WORK REQUEST | When you reach the line containing "Genies 3D Avatar & Digital Goods SDK", begin reproducing the lines exactly and continue through the end of the listing, leaving out the pictures.

THE DATA |

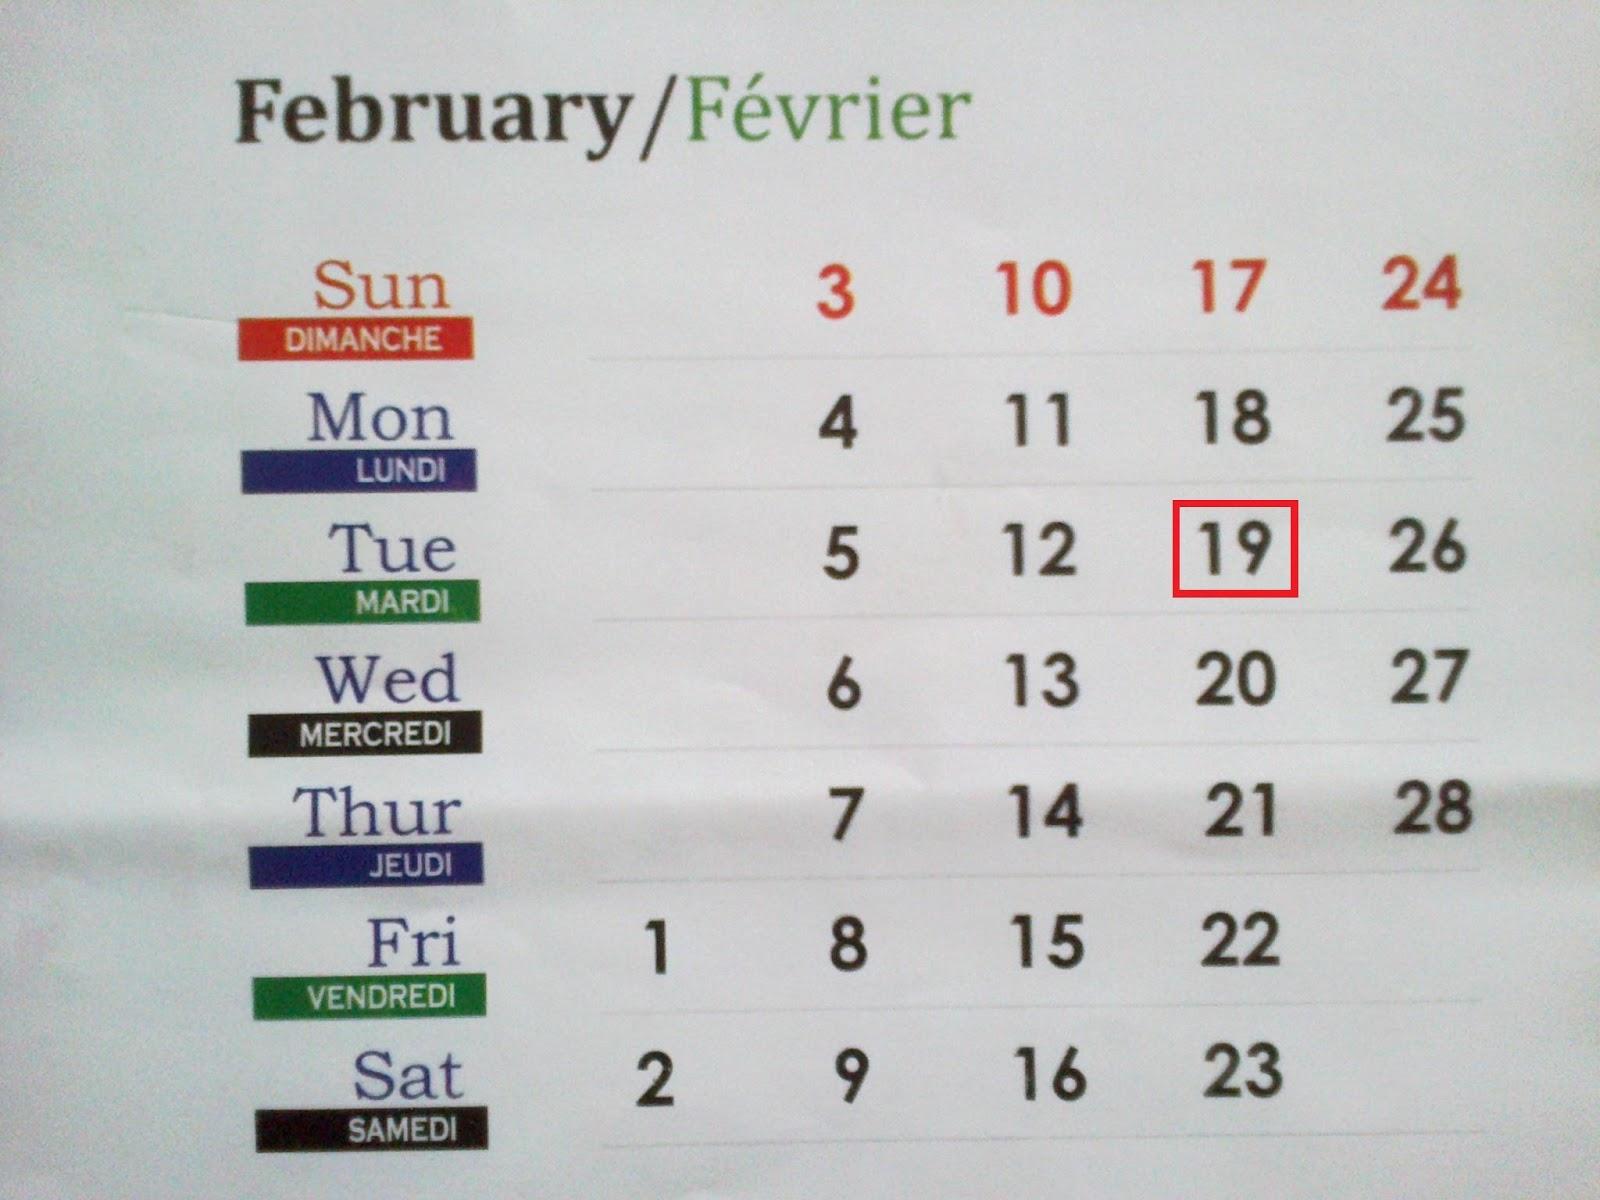 My Diary: Tuesday 19-02-2013
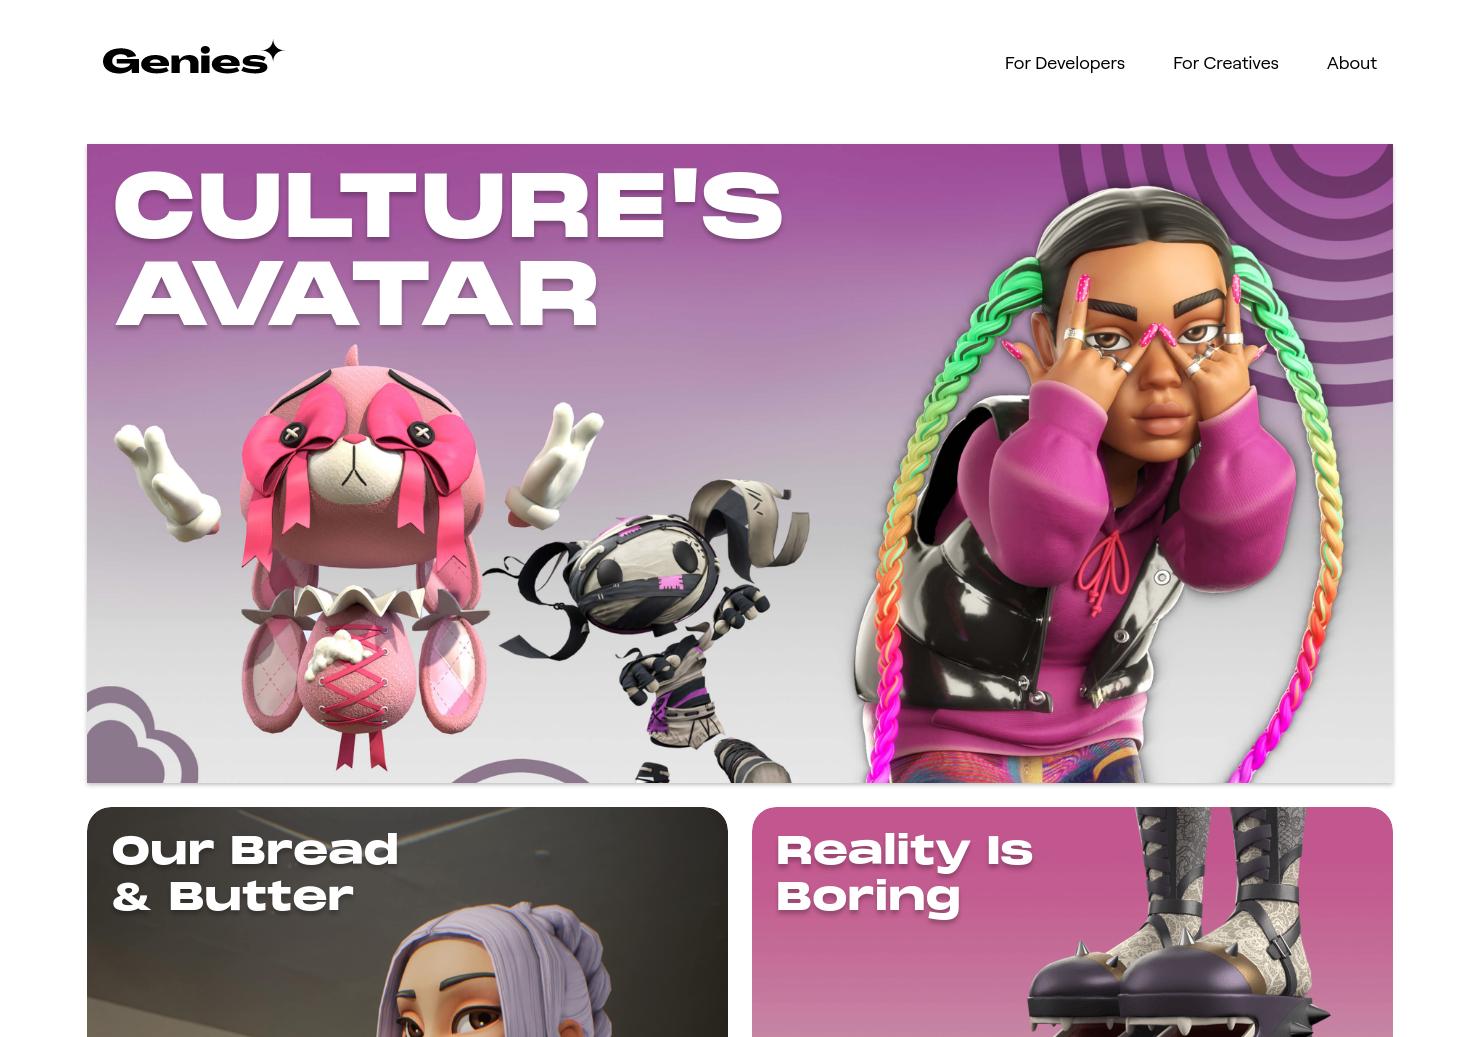 Genies 3D Avatar & Digital Goods SDK
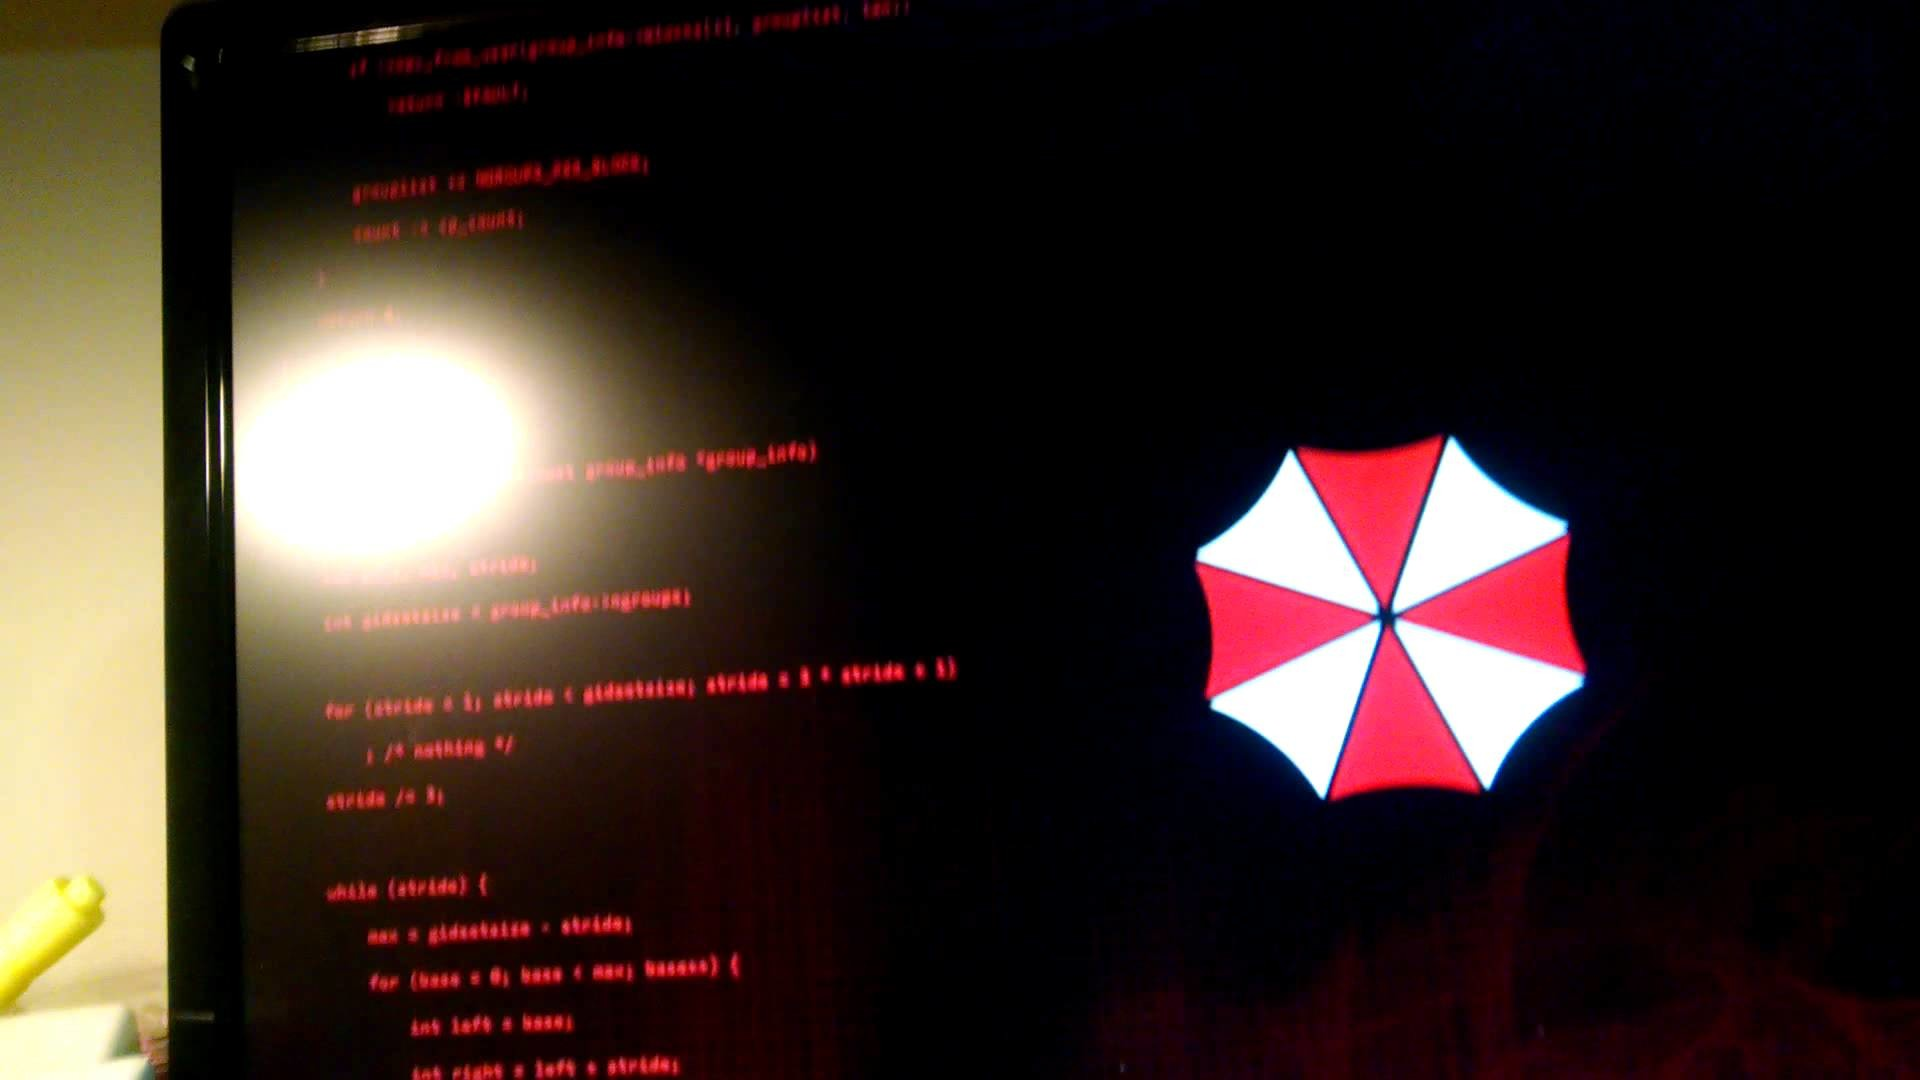 Hacking the Umbrella Corp.

WRITTEN ANSWER |
 Genies 3D Avatar & Digital Goods SDK
 Hacking the Umbrella Corp.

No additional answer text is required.